Did the United States Conference of Catholic Bishops unwittingly expose a direct link between their actions and those of sexually abusing priests with the John Jay Study? The recently released John Jay report The Causes and Context of Sexual Abuse of Minors by Catholic Priests in the United States, 1950-2010 indicates that they have. The study has received a lot of press over what wasn’t said; however, we may need to pay more attention to what was said. The study, which the USCCB commissioned, clearly demonstrates the behavior of the hierarchy when dealing with abusive priests is as fundamentally flawed as that of abusive priests!

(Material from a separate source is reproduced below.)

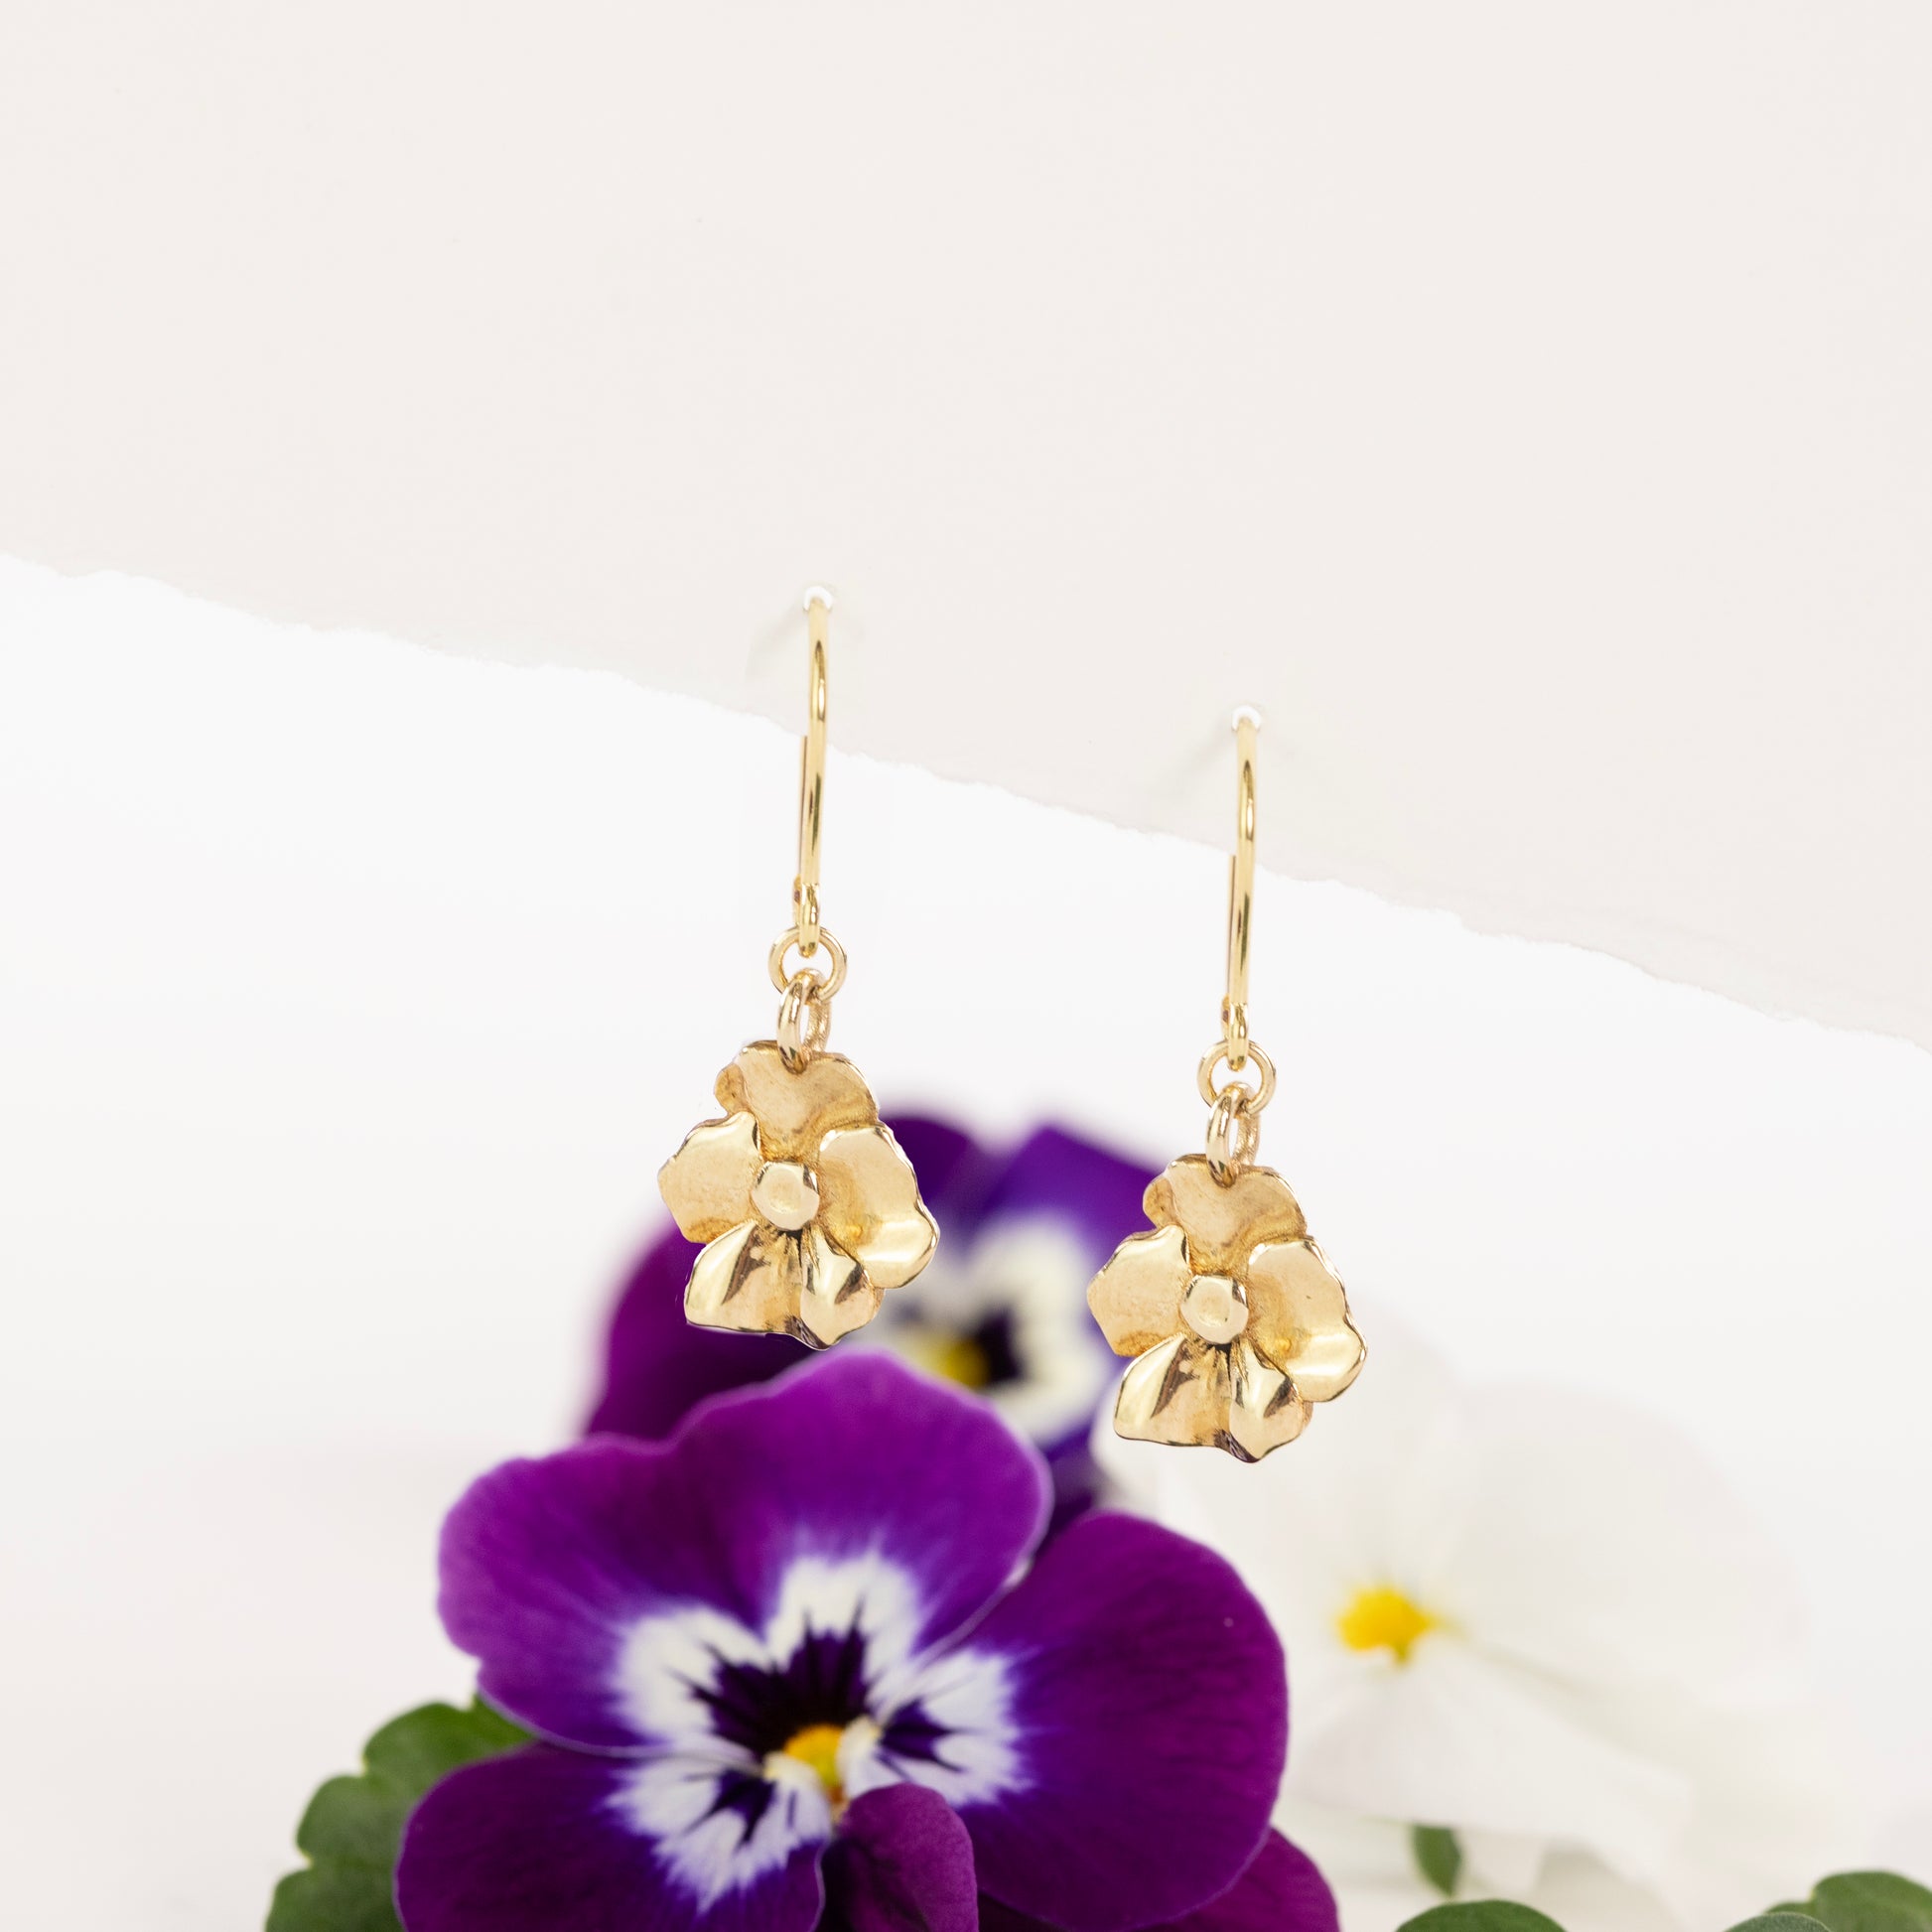 February Birth Flower Earrings - Violet - 9kt Gold
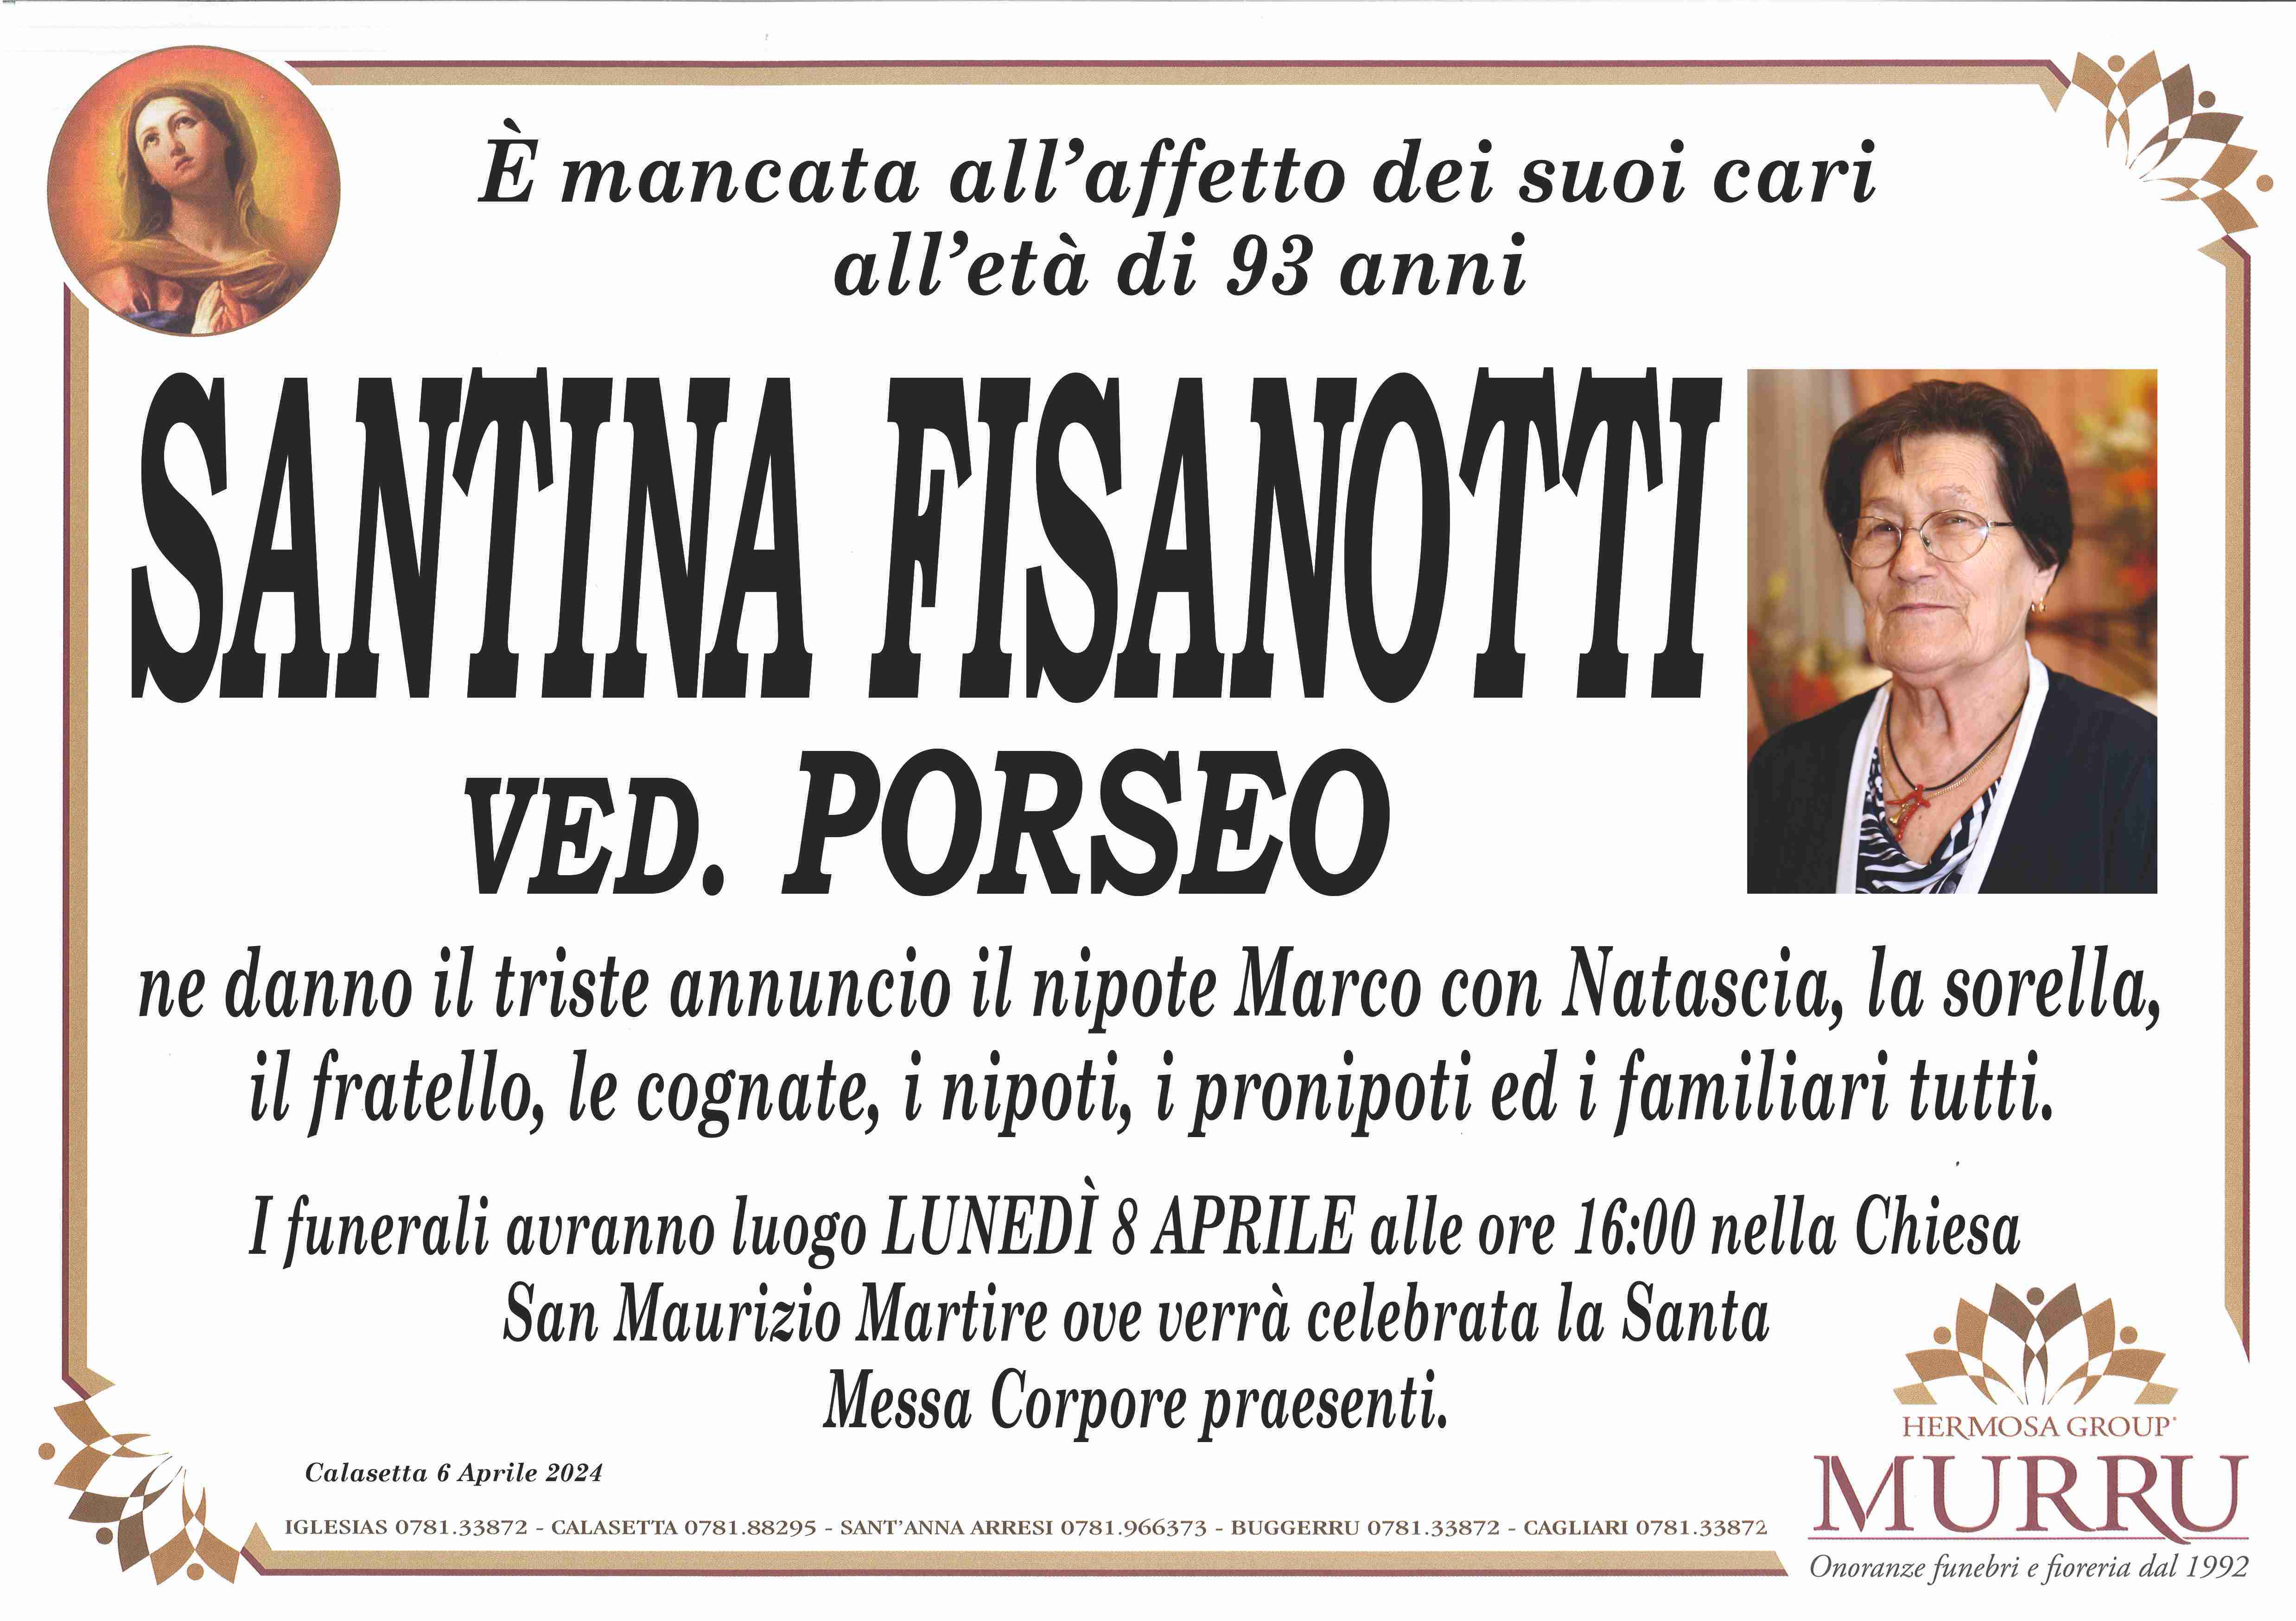 Santina Fisanotti

In an effort to explain how abusers can continue to abuse, the researchers delve into the techniques employed by an abuser to rationalize his heinous crime thereby allowing him to continue abusing. When reading these techniques, one fact jumps out at the reader: “These are the same tactics the hierarchy has used.” If the reader happens to be a survivor, he or she says, “They did these things to me and in doing so re-victimized me!” It is astonishing that none of the researchers either recognized or pointed out how the behaviors of bishops and abusers mirror each other. This information is critical to understanding just how sick the mentality of the hierarchy was when dealing with victims. Neutralization techniques also explains how and why bishops could live with their actions after permitting the rape, sodomization, and molestation of children by putting abusing priests back on the street and how they could re-victimize those survivors who summoned the strength to complain.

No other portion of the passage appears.